Lauftest/Leistungsanalyse

Die Trainingsbereiche geben an, wie intensiv ein Training sein soll, ist oder war. Aber wie lege ich diese Trainingsbereiche fest?

Schwierige Frage. Es gibt einfach eine Vielzahl von Möglichkeiten und die werden dann auch immer wieder recht kontrovers diskutiert. Der größte Fehler dabei: sich mit anderen zu vergleichen. Das kann nicht funktionieren. PUNKT!

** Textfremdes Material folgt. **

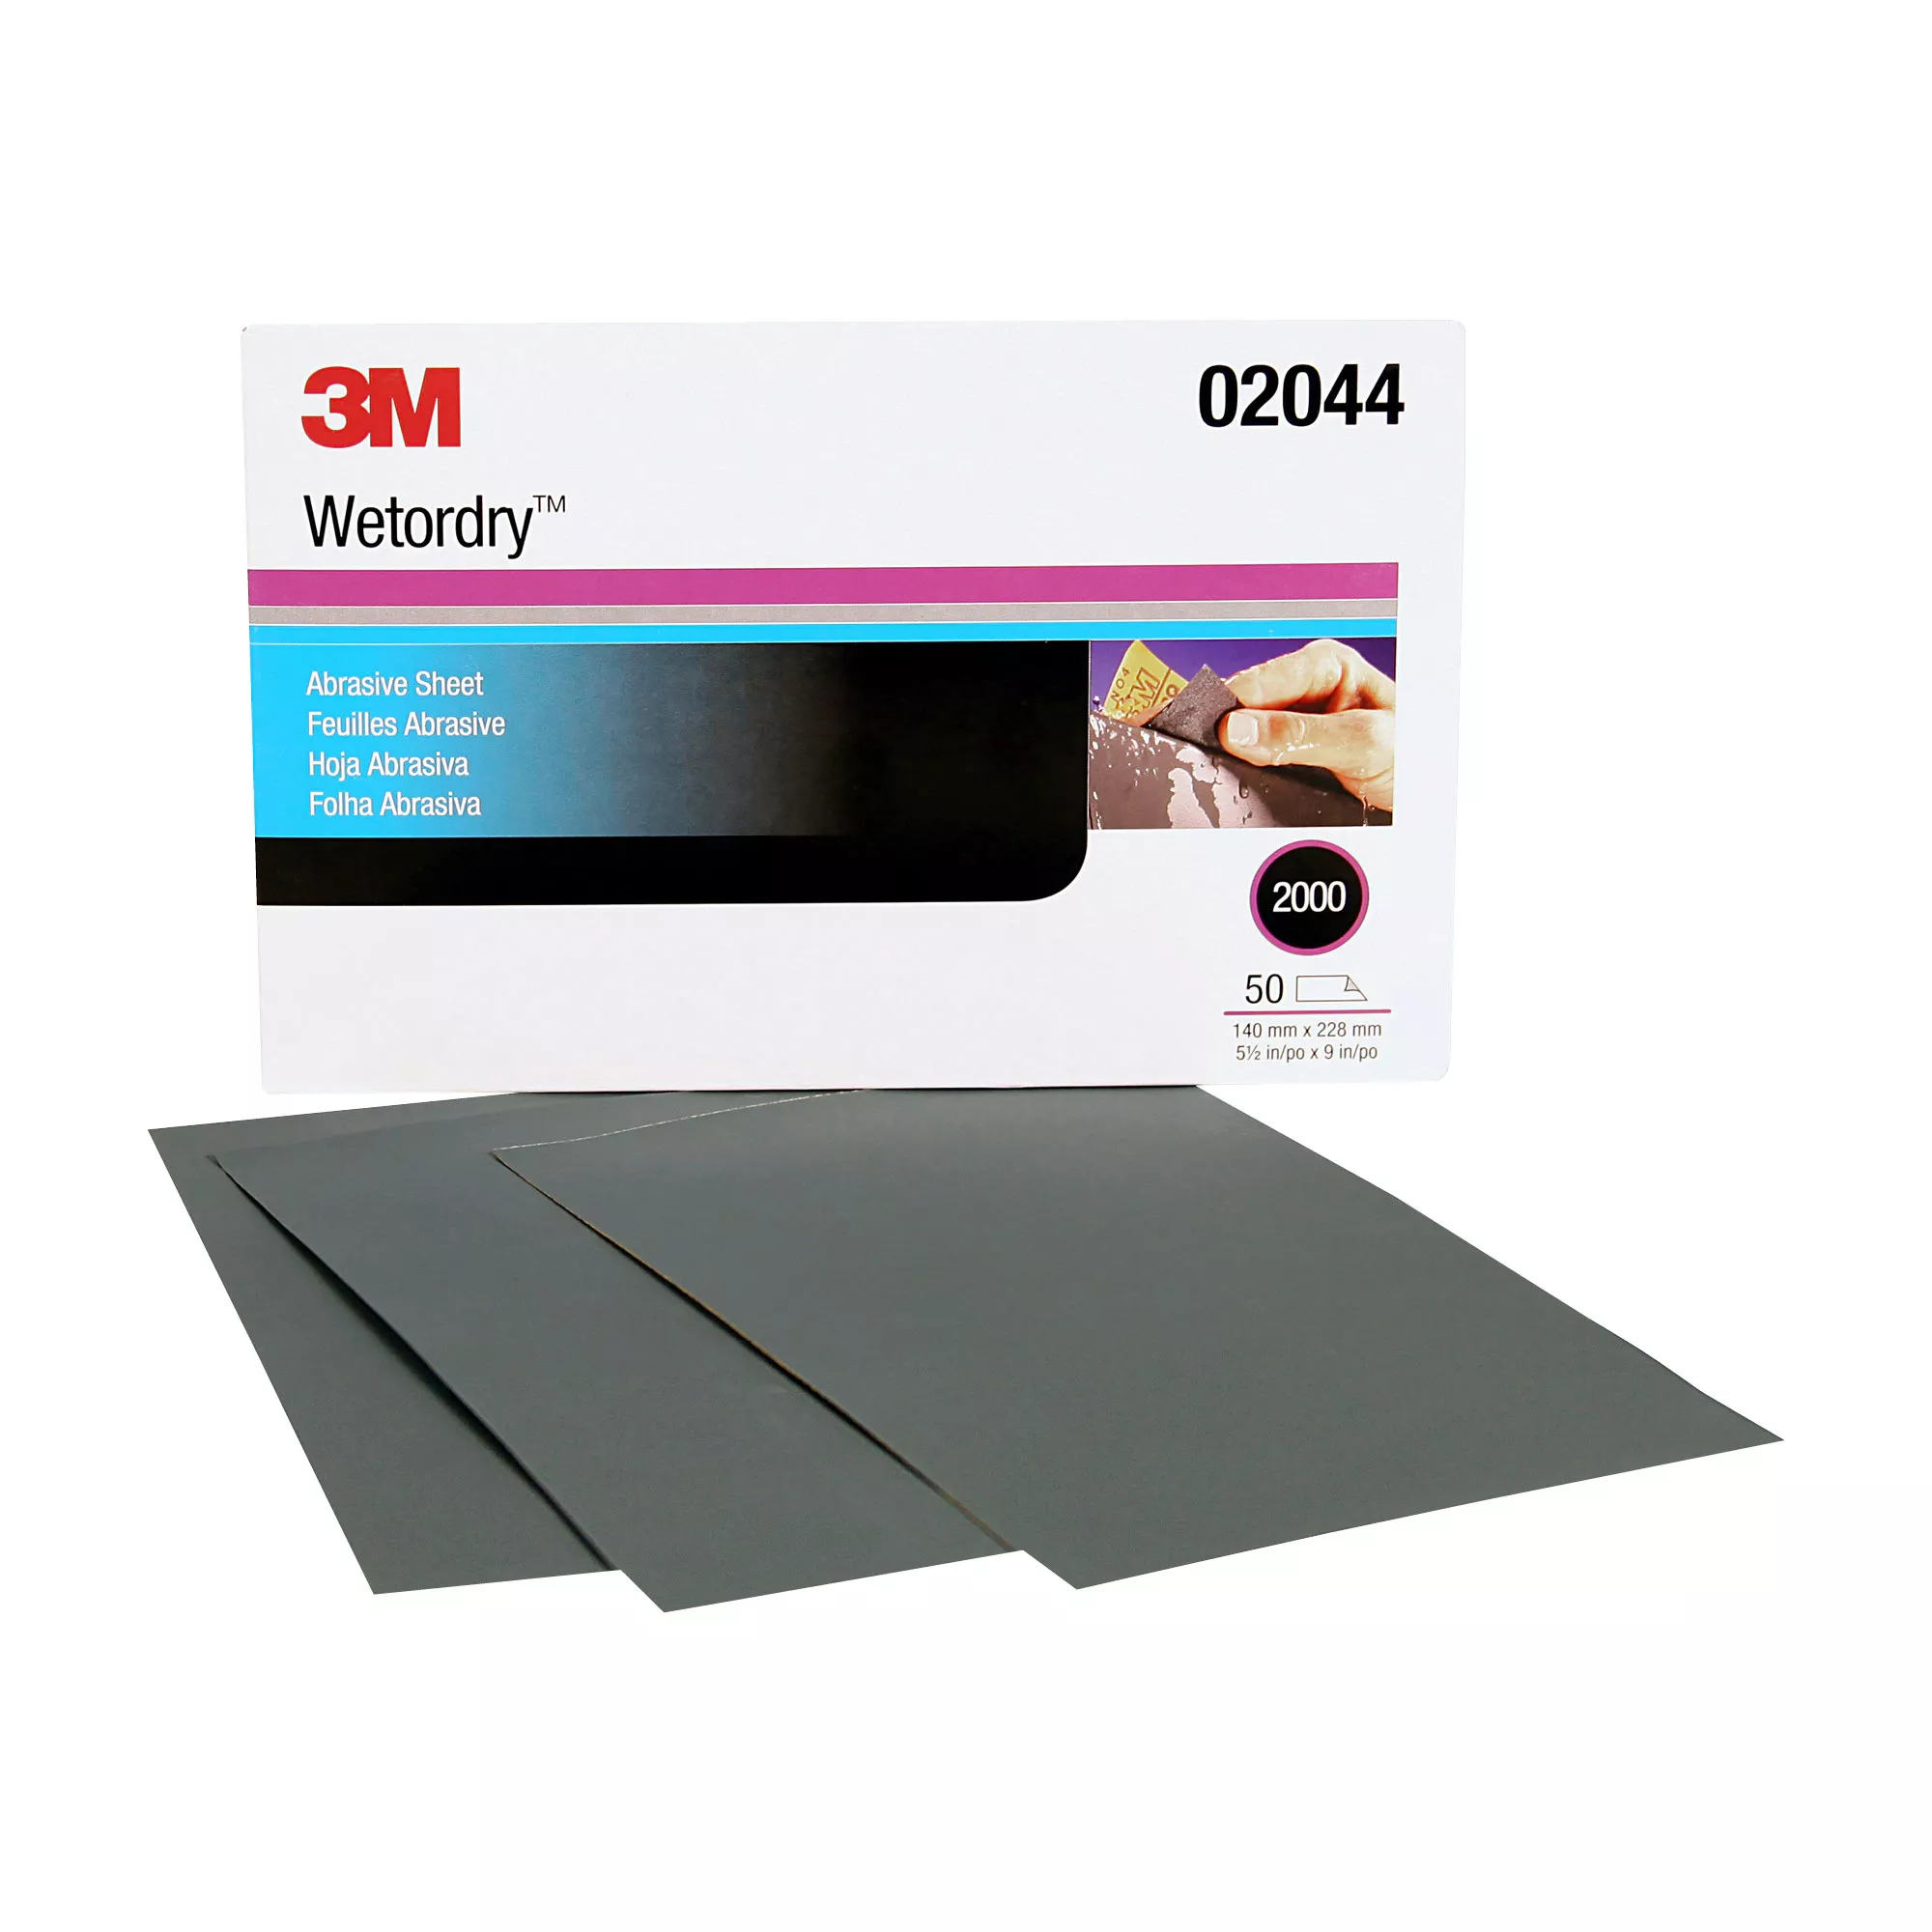 SKU 7000028328 | 3M™ Wetordry™ Abrasive Sheet 401Q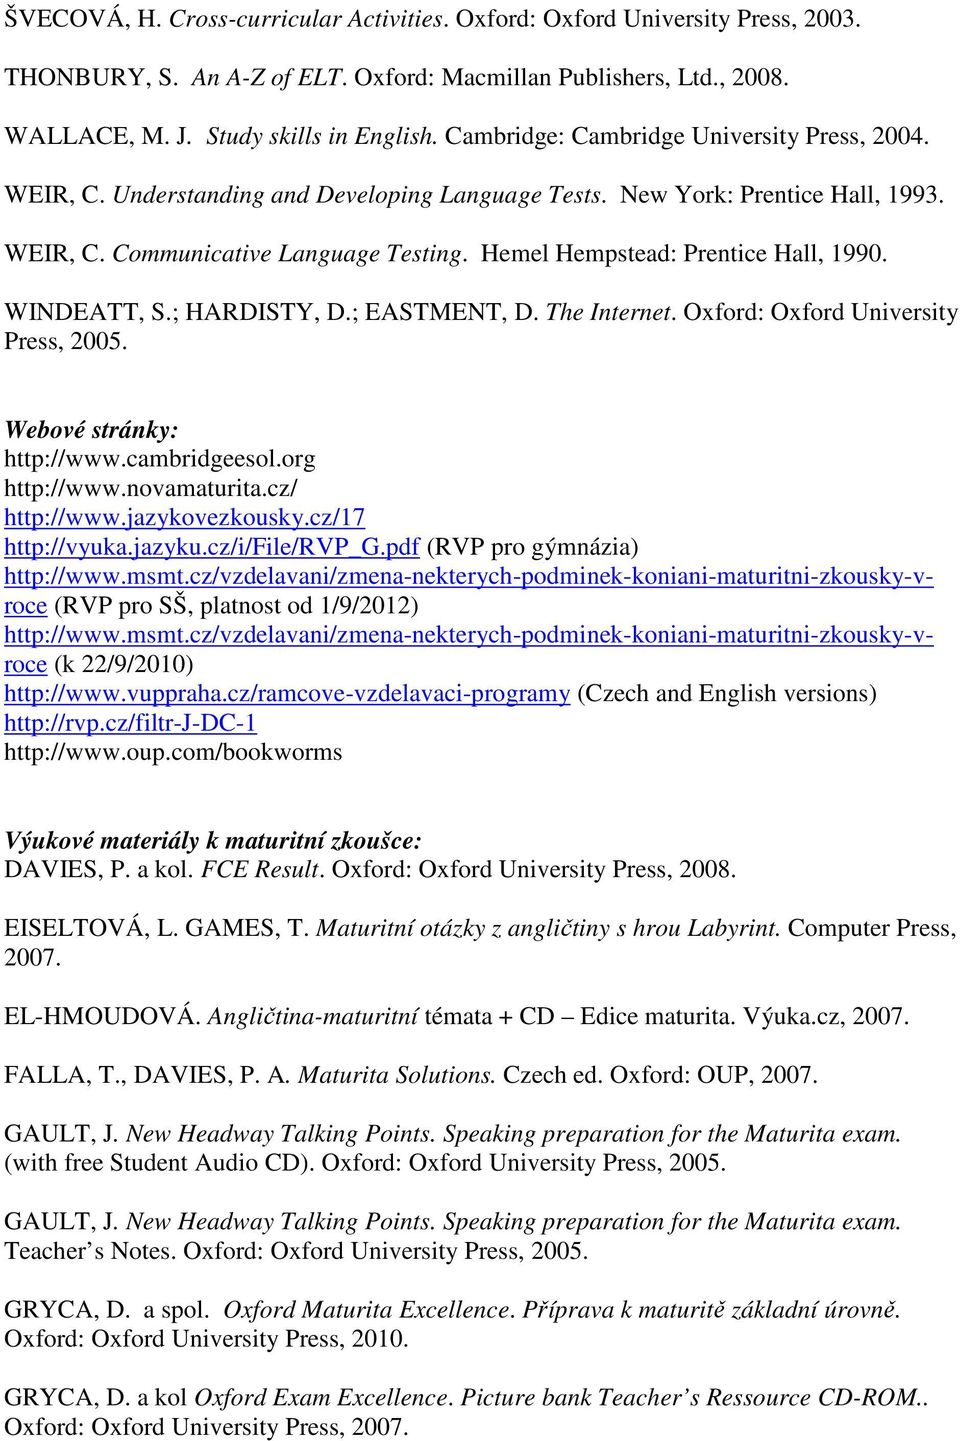 Hemel Hempstead: Prentice Hall, 1990. WINDEATT, S.; HARDISTY, D.; EASTMENT, D. The Internet. Oxford: Oxford University Press, 2005. Webové stránky: http://www.cambridgeesol.org http://www.

Trainingsbereiche werden meist vom Maximalpuls aus berechnet. Aber ein Maximalpuls wiederum setzt voraus, dass ich mich in einem geeigneten Testverfahren maximal VERAUSGABE. Maximaltests sind daher eher was für Leistungssportler oder sehr ambitionierte Läufer.

Wichtig zu wissen: Auch die Pulswerte schwanken von Tag zu Tag. Hat man seine Pulswert einmal festgelegt, sollte man nicht blind seiner Pulsuhr trauen und den Pulswert immer noch mit seinem Belastungsempfinden abgleichen.

Faustformeln und die Angaben aus den Activity-Trackern oder auch den Pulsuhren sind meist recht ungenau.

Erfahrene Läufer können meist sehr gut abschätzen in welchen Bereichen sie sich gerade befinden. „Laufen ohne zu Schnaufen“ (siehe Grafik unter Trainingsbereiche) ist ebenso eine einfache und gute Methode. Hierfür sind die Pulswerte dann gar nicht mehr nötig.

Einfache Lauftests können helfen – Wichtig: auch hier spielt Erfahrung eine Rolle. Wenn ich den Cooper-Test bereits mehrmals gemacht habe, kann ich das Tempo und die Dauer besser einschätzen und werde alleine aus diesem Grund bessere Resultate erzielen.

Bei erfahrenen Wettkampfläufern können die Wettkampfergebnisse einen guten Ansatz liefern. Am genausten sind sportwissenschaftliche Messverfahren, insbesondere die Spiroergometrie.